The technical aspects of desktop security and mobile security research are both in the field of terminal security. To put it simply, one learns computers and the other learns mobile phones. With the migration of our work and life from PC to mobile, terminal security has also migrated from desktop security to mobile security. The most familiar terminal security products are 360, Tencent, Kingsoft Internet Security, Rising, Symantec, McAfee and Norton.

From the commercial point of view, terminal security (mobile security plus desktop security) is an a to C service, which is more oriented to terminal individuals and users; Network security, Web security and cloud security are more A-to-B businesses, facing the government and enterprises. For example, 360 is a typical company that extends from to C security business to to to B security business. For example, 360 enterprise security is to provide security products and services for government and enterprises, while the familiar 360 security guards and antivirus are mainly aimed at individual users.

4 Cloud security

[Cloud security]? It is another security field based on cloud computing technology.
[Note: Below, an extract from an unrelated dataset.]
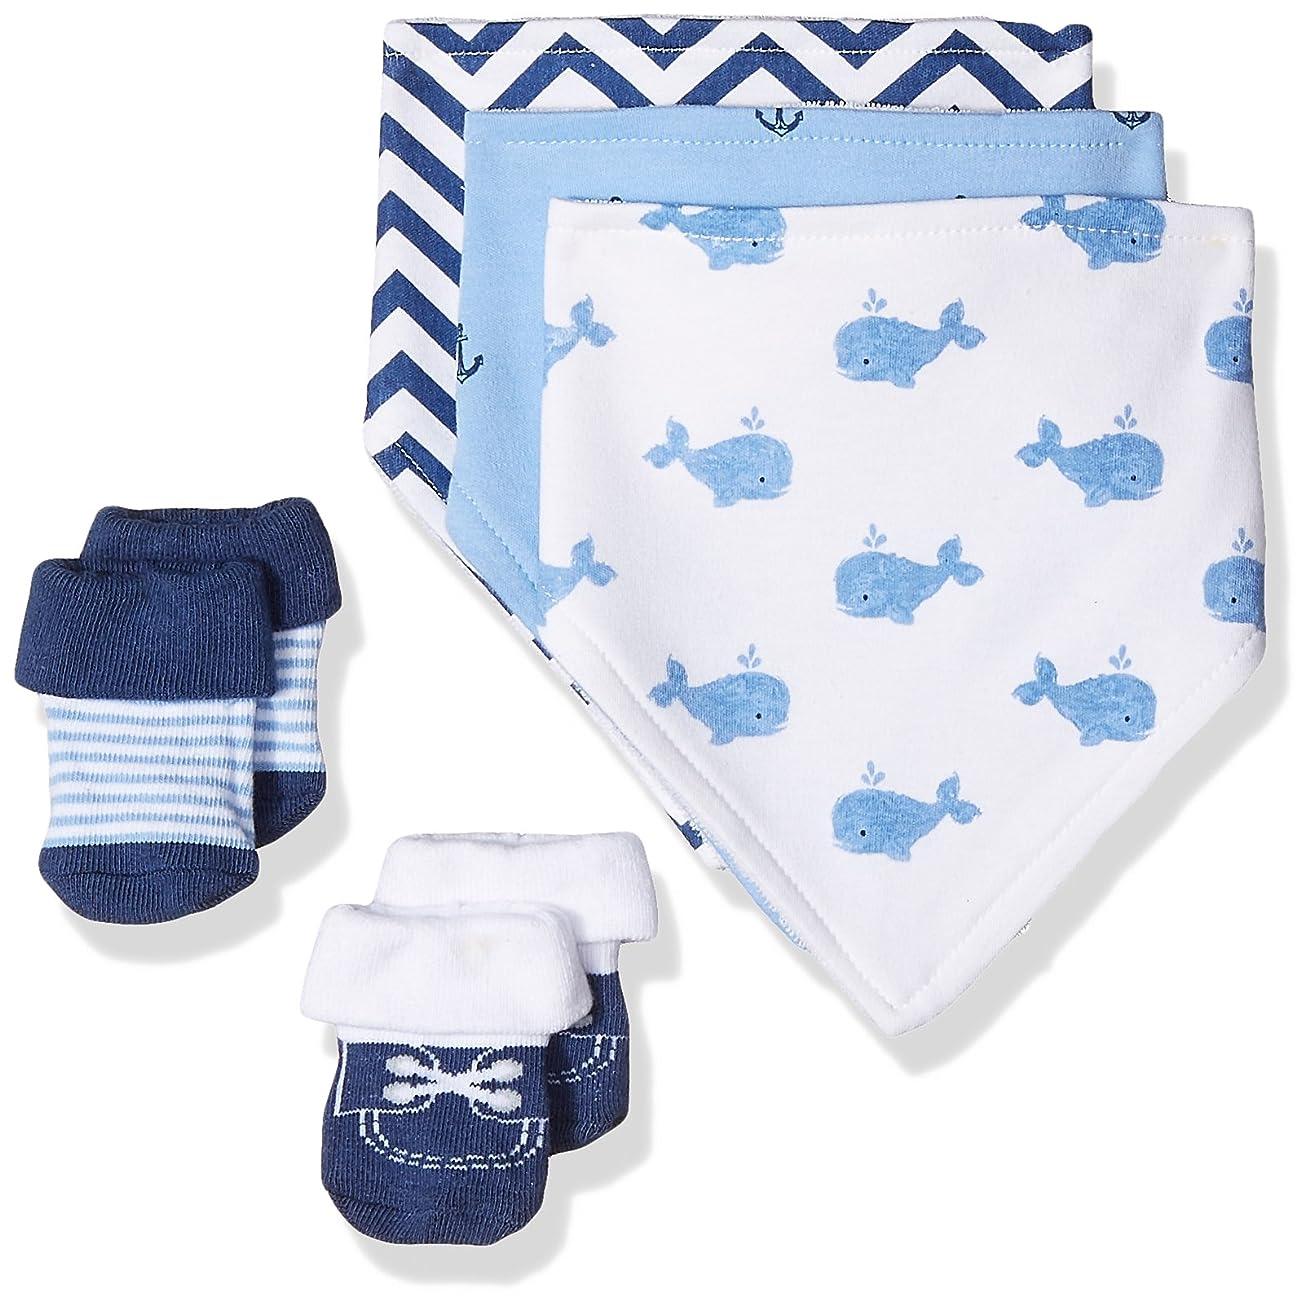 Hudson Baby Baby Bandana Bib & Socks Set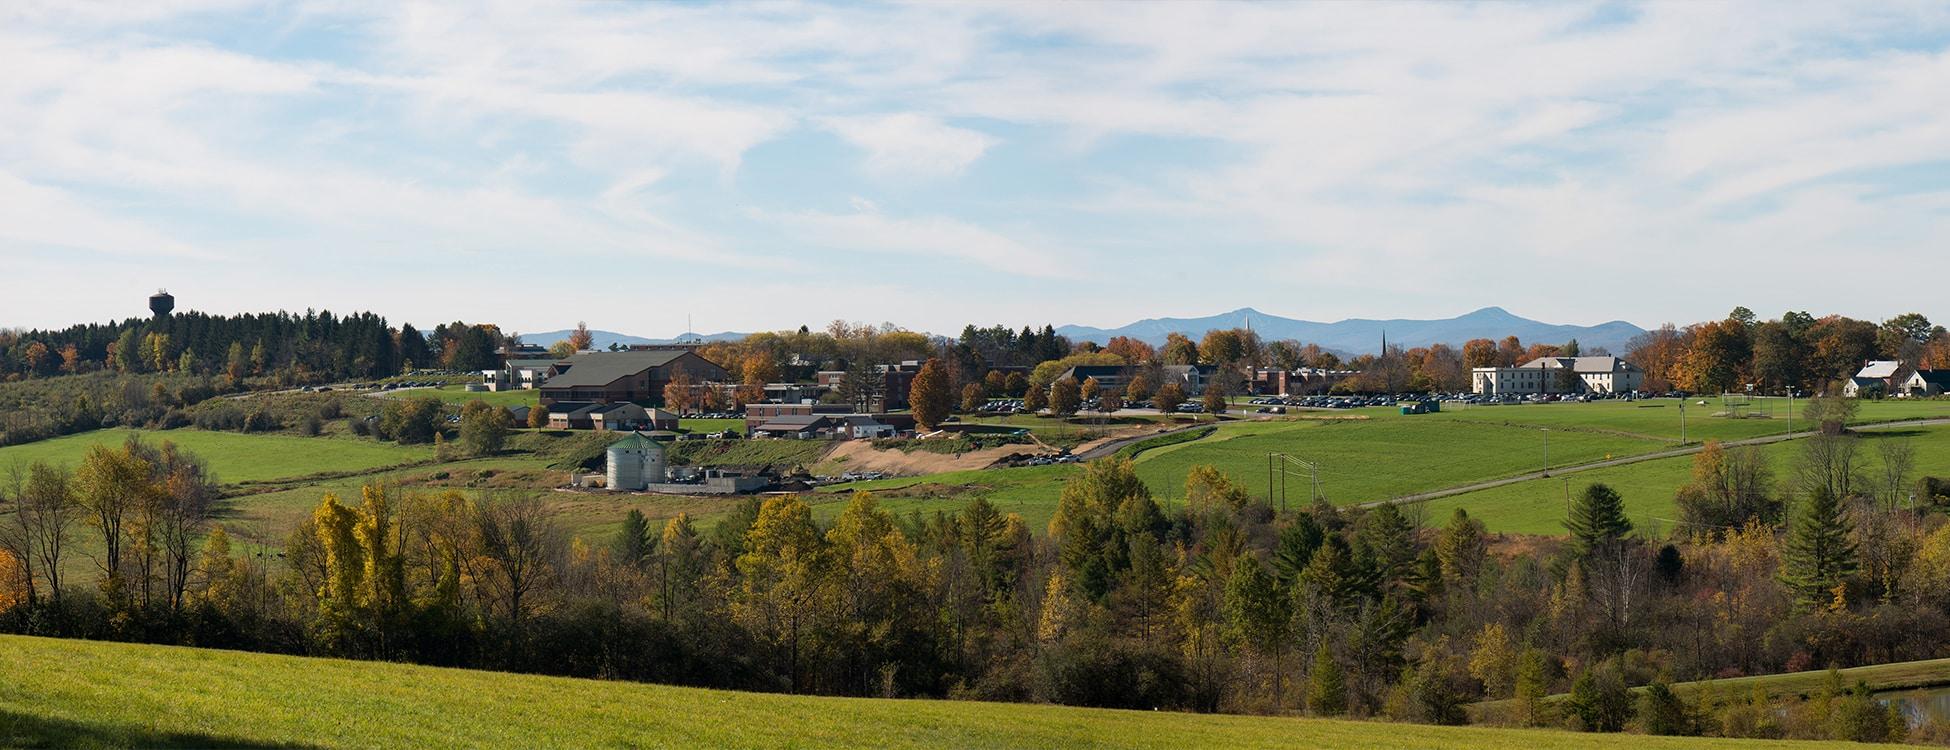 Randolph Center campus, view, digester

The research topics of cloud security include: software-defined security, hyper-converged security, virtualization security, machine learning+big data+security ... At present, there are many security products based on cloud computing, covering the original network security, Web security, mobile security and other directions, including cloud firewall, cloud anti-DDOS, cloud leakage scanning, cloud desktop and so on. And Tencent Cloud, the cloud desktop in China.

Cloud security is all about product form and commercial delivery, which realizes the transformation of security from hardware to software to cloud, greatly lowering the threshold for traditional small and medium-sized enterprises to use security products. In the past, a security project was a million-level project, but based on cloud security, real flexible procurement on demand was realized, which greatly reduced the procurement cost. In addition, the security in the cloud era has also brought more challenges and changes to the standardization and implementation of the original industry. For example, for commercial services hosted in the cloud, how to distinguish the responsibility and boundary of security construction between cloud service providers and customers? How to do information security assessment for cloud security projects?

Network security post classification and recruitment requirements

(1) Safety post

According to the recruitment of security companies, security posts can be divided into R&D department, engineering department and sales department. Different companies have different names for security posts, which are classified according to common names in the industry as follows:

R&D department: security R&D, security attack and defense research, reverse analysis.

Engineering Department: security engineer, security operation and maintenance engineer, security service engineer, security technical support, security after-sales, penetration test engineer, Web security engineer, application security audit, and mobile security engineer.

Sales department: safety sales engineer, safety pre-sales engineer and technical solution engineer.